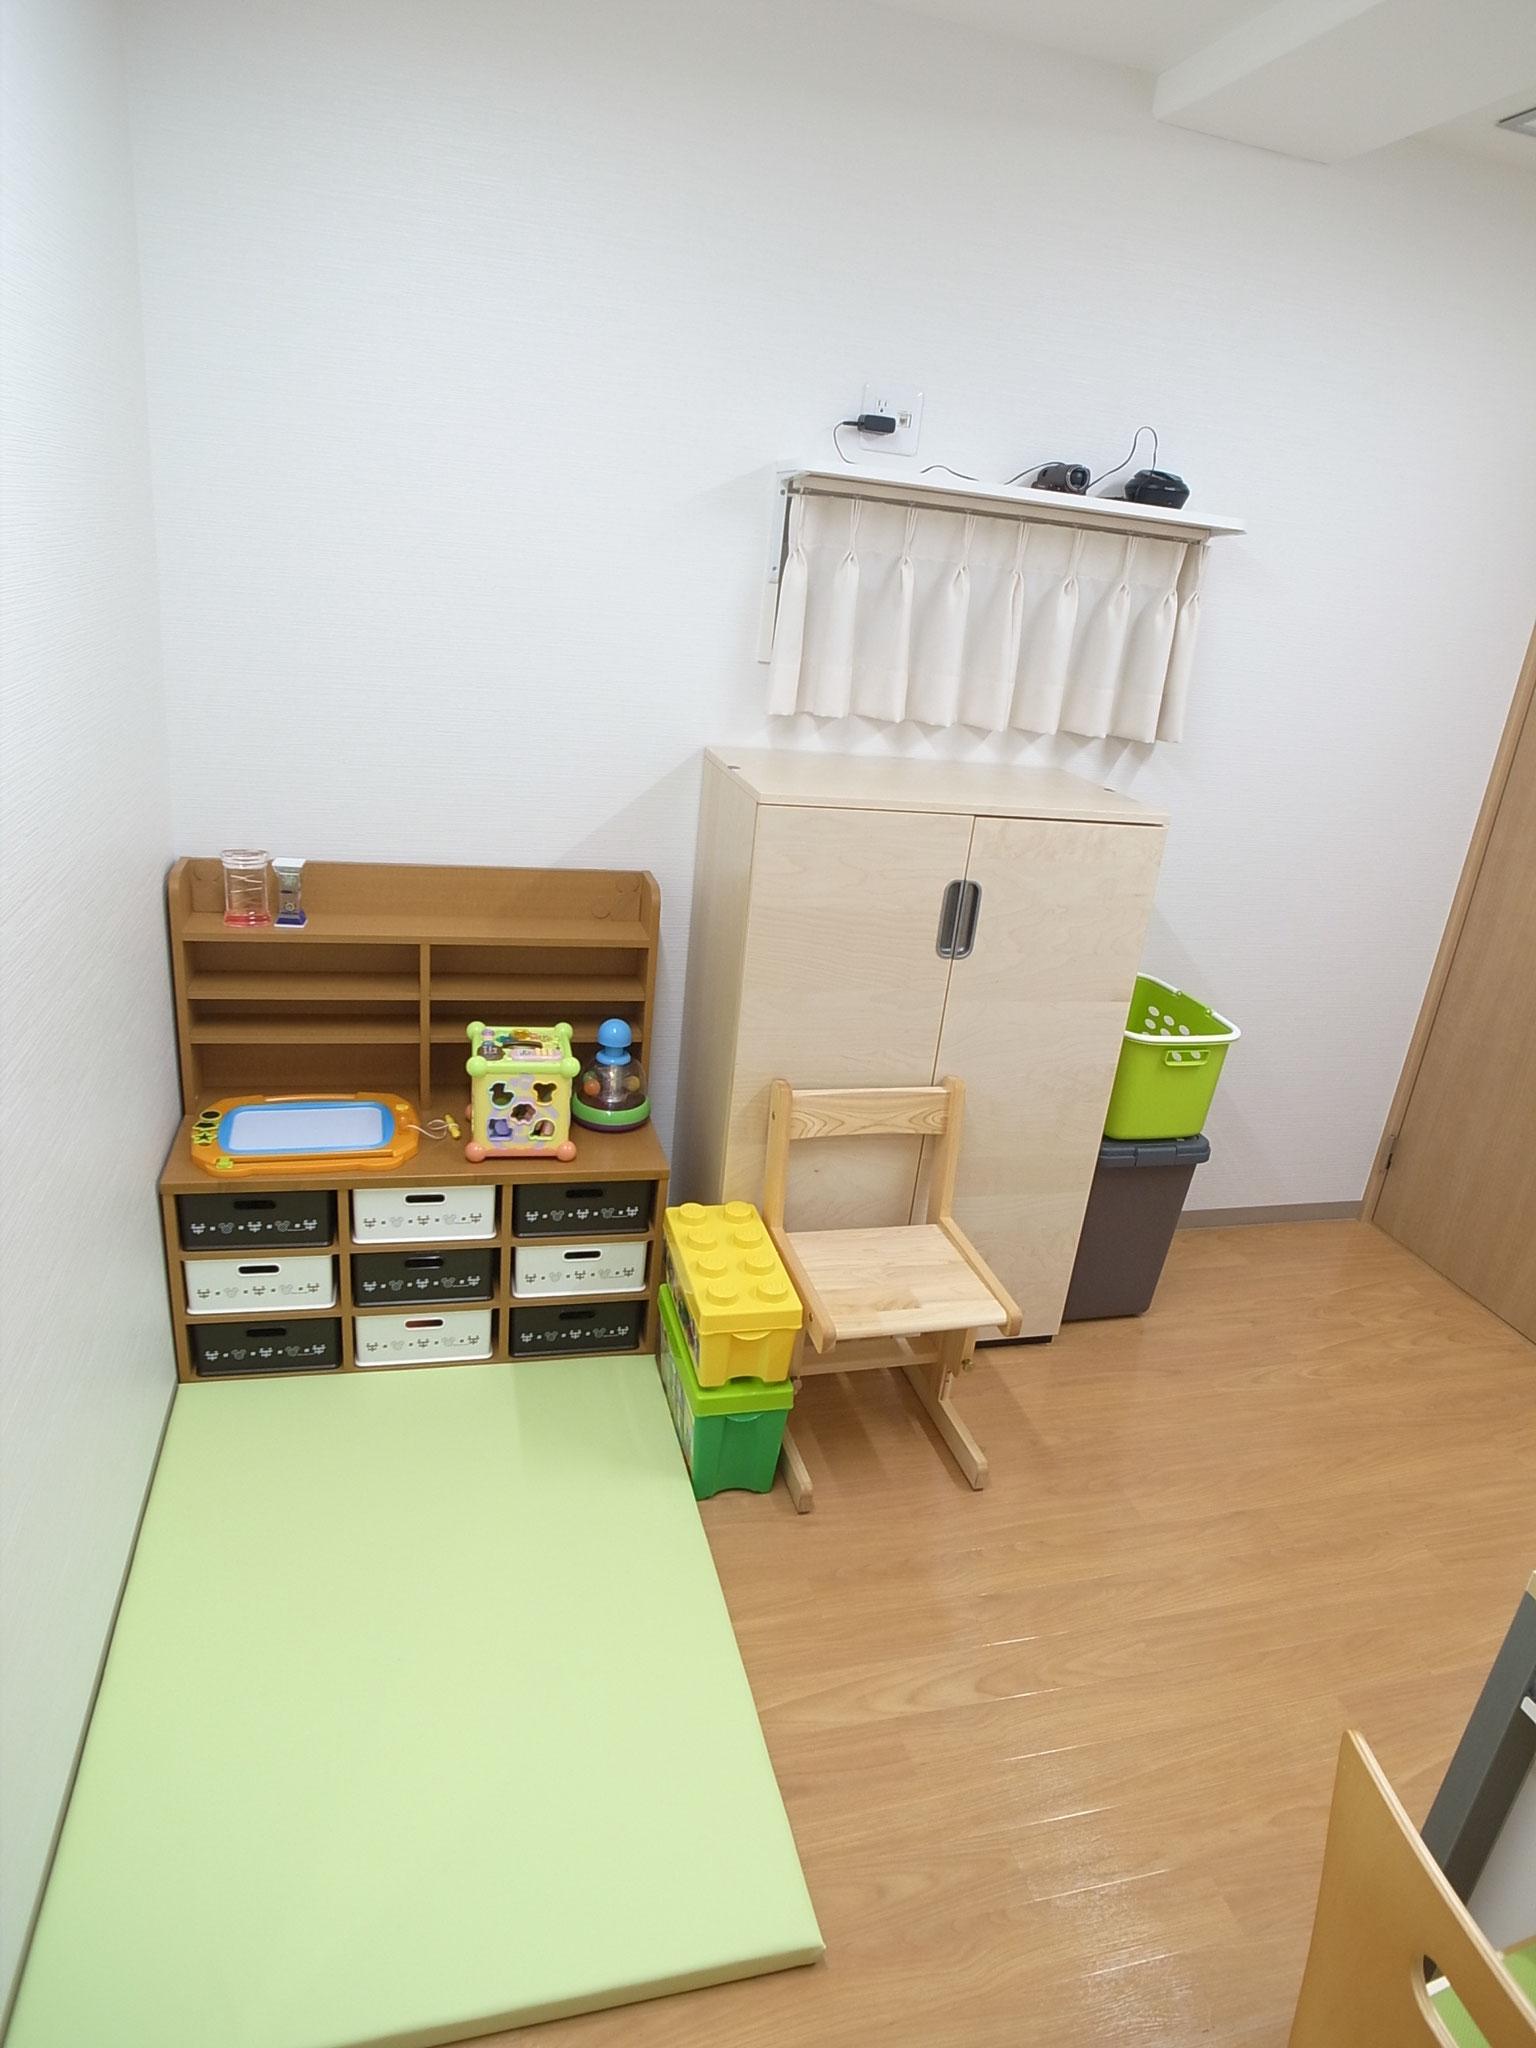 診察室2(プレイエリアはマットと玩具を用意しています)
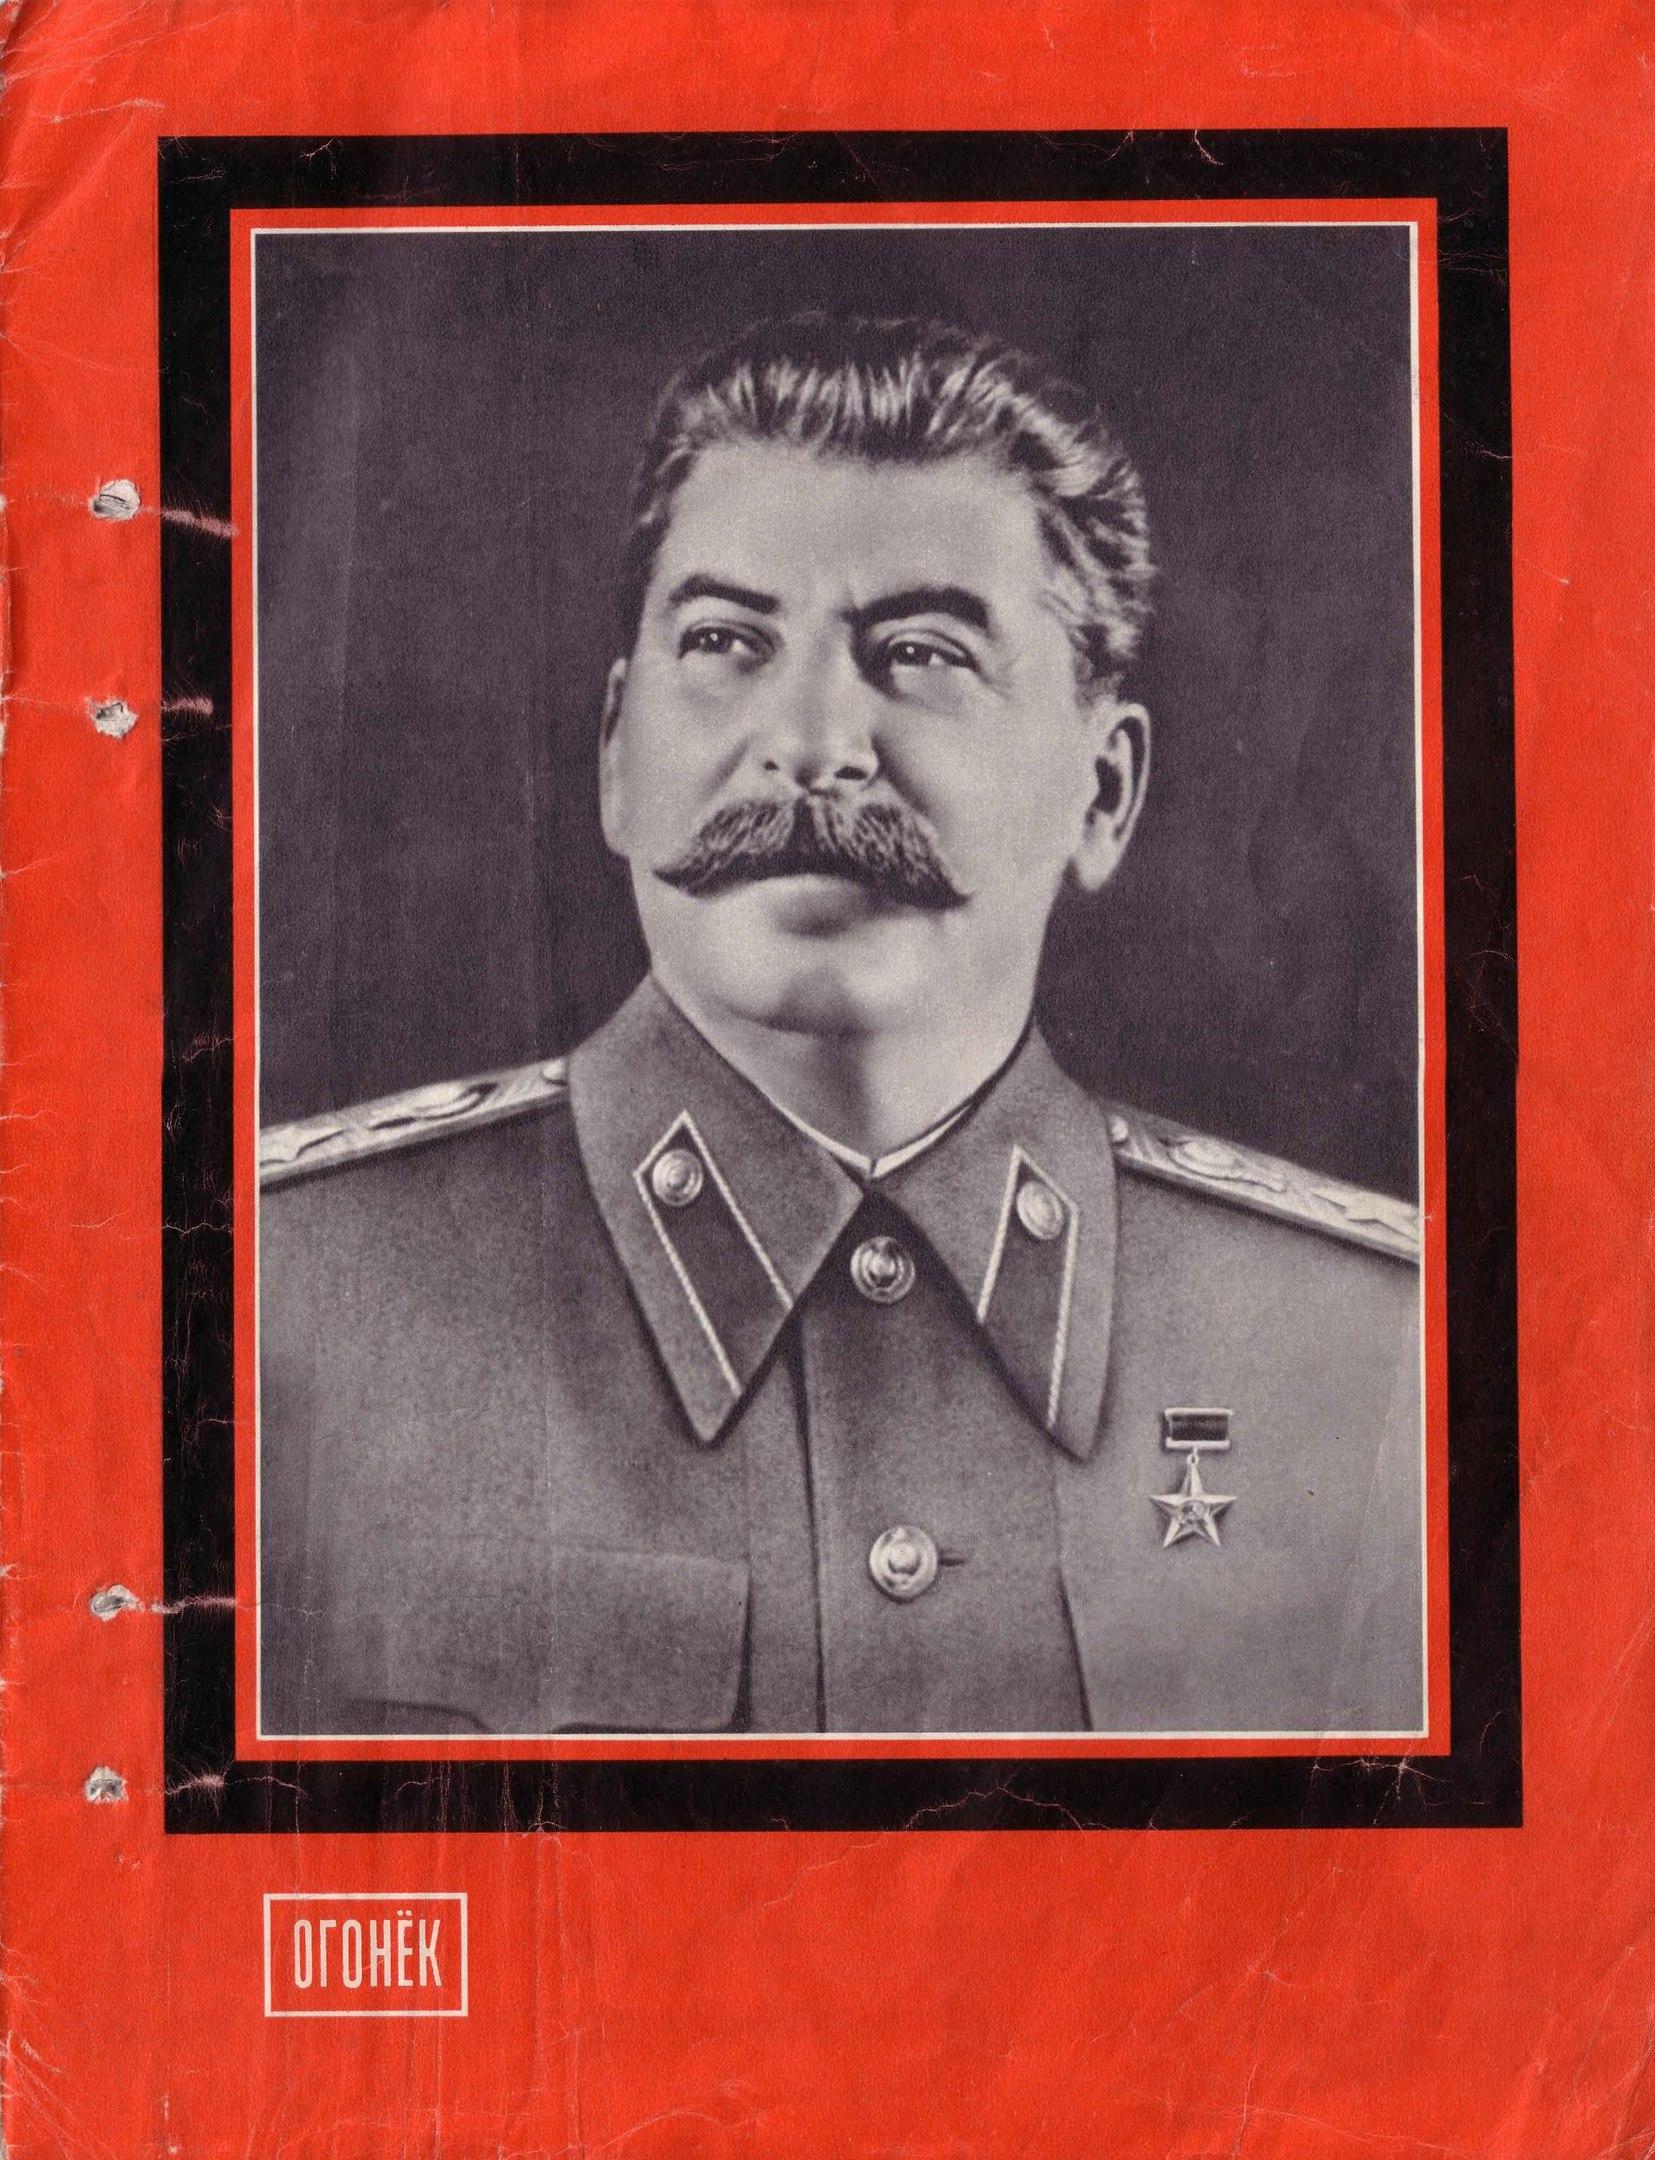 """Выпуск журнала """"Огонек"""" от 8 марта 1953 года, посвященный смерти Сталина"""
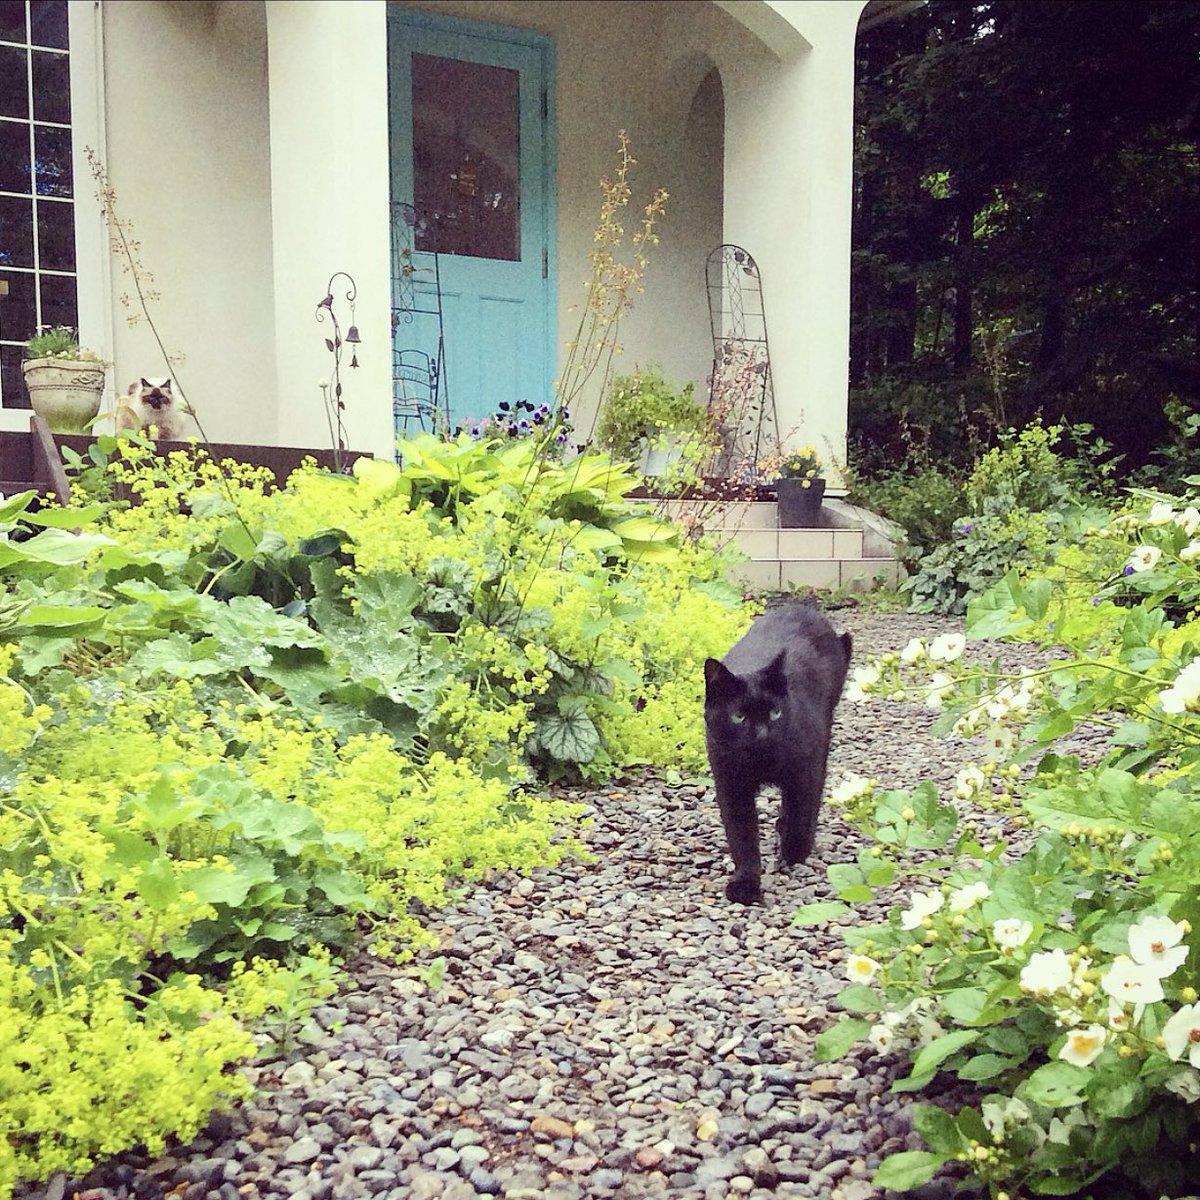 久しぶりのお天気でした。久しぶりにお庭でお昼寝して、遊んで、長い時間を過ごした猫たち。特にビビはとてもとても嬉しそうでした。 (ノ*φдφ)ノたくさんたくさんお外をはしりましたっ!!

※ ※ ※

• Task brief
Only the pictures in the listing above get left out; print everything else exactly.

• Result of this task
 診察室2(プレイエリアはマットと玩具を用意しています)
 """Выпуск журнала """"Огонек"""" от 8 марта 1953 года, посвященный смерти Сталина"""
 久しぶりのお天気でした。久しぶりにお庭でお昼寝して、遊んで、長い時間を過ごした猫たち。特にビビはとてもとても嬉しそうでした。 (ノ*φдφ)ノたくさんたくさんお外をはしりましたっ!!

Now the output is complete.